### Dataset content
══════════
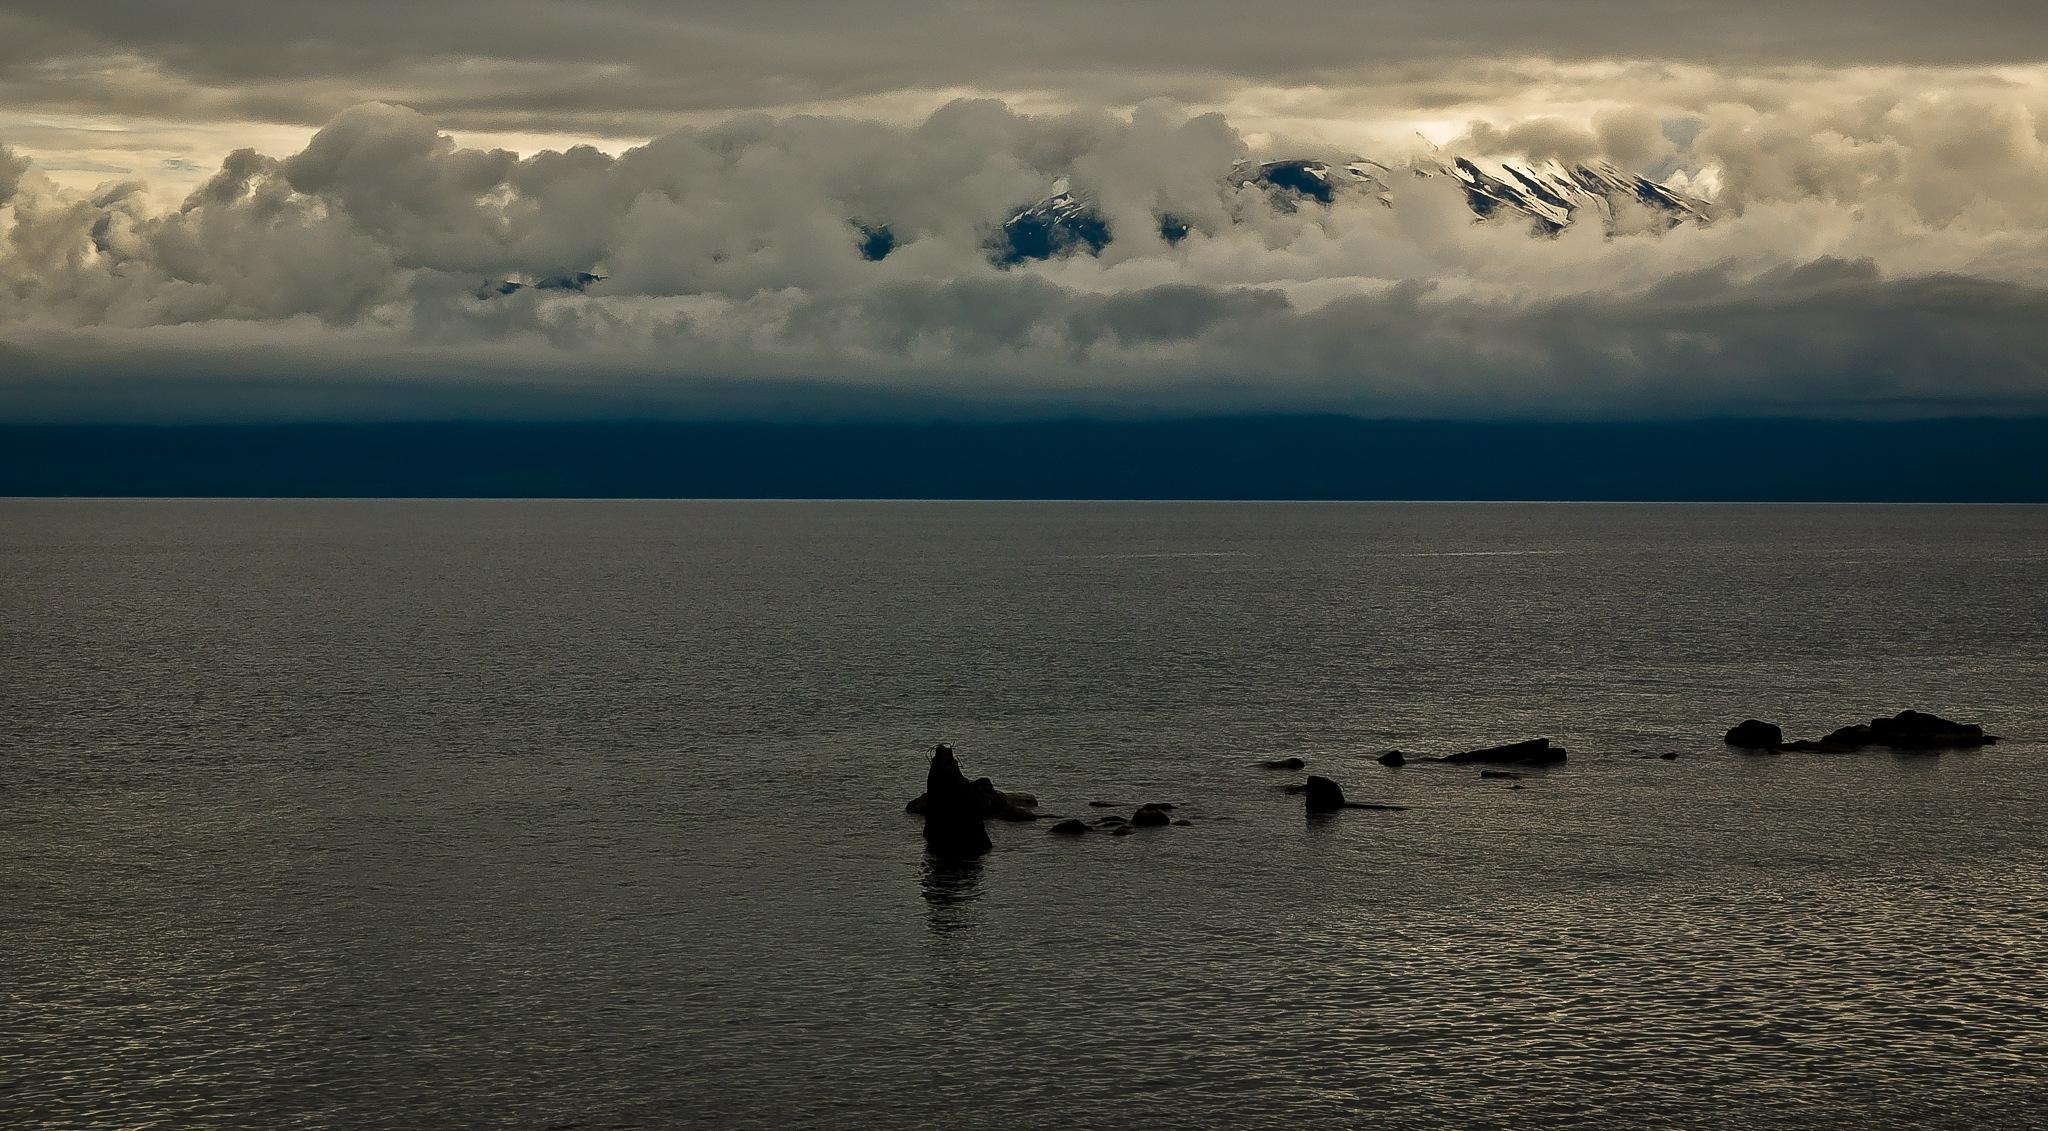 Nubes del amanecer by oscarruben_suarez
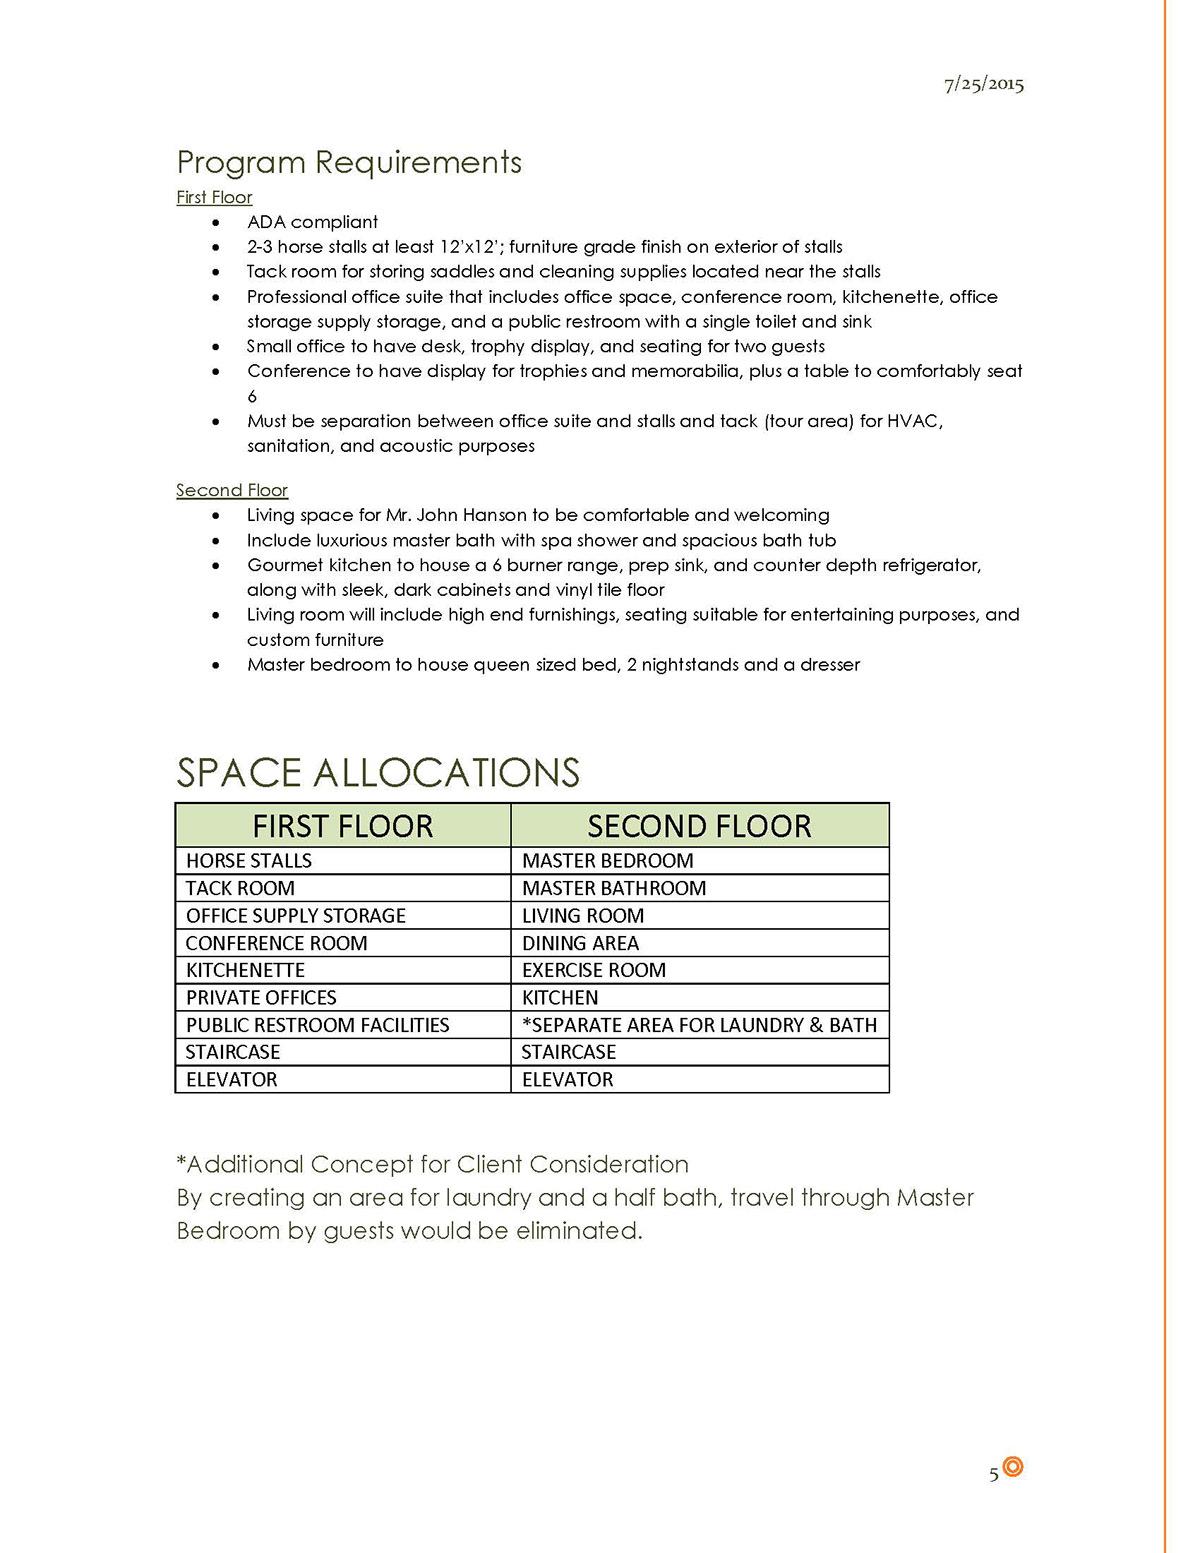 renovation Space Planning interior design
══════════
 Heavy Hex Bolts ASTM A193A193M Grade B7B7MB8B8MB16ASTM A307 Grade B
══════════
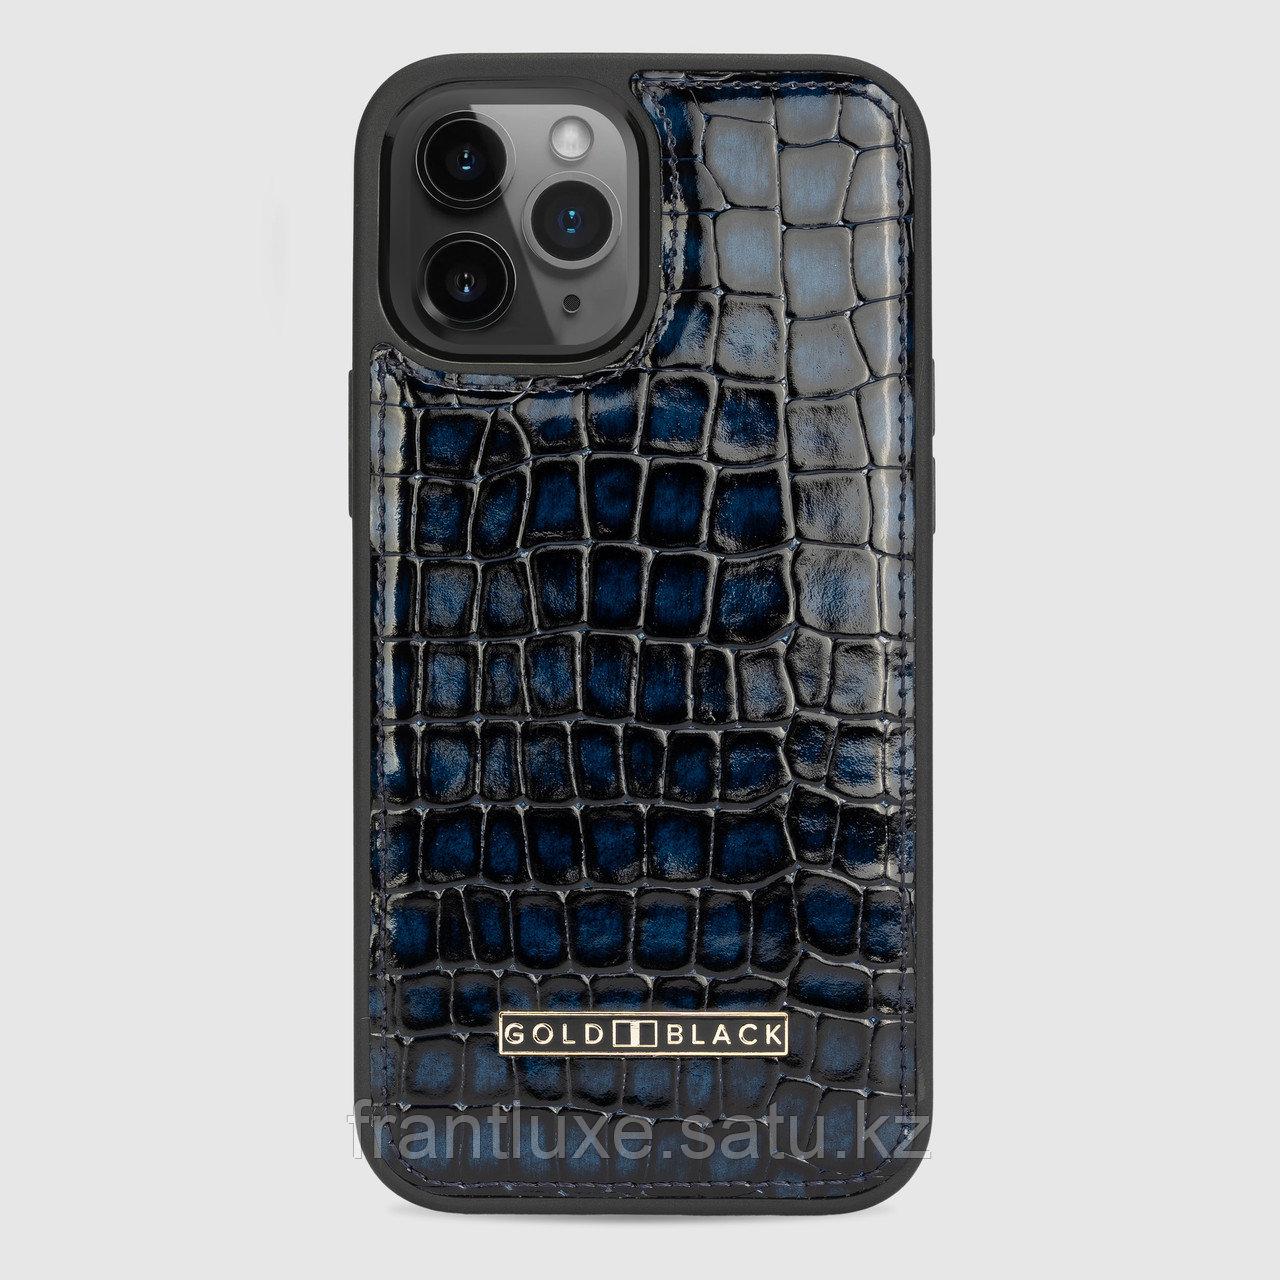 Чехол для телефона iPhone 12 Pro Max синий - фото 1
══════════
### Instructions for the task
I would like the exact lines from the data above, starting with the one that holds "Nubes del amanecer by oscarruben_suarez" and going on through the one that holds "renovation Space Planning interior design", without the pictures.

### Response box
 Nubes del amanecer by oscarruben_suarez
 renovation Space Planning interior design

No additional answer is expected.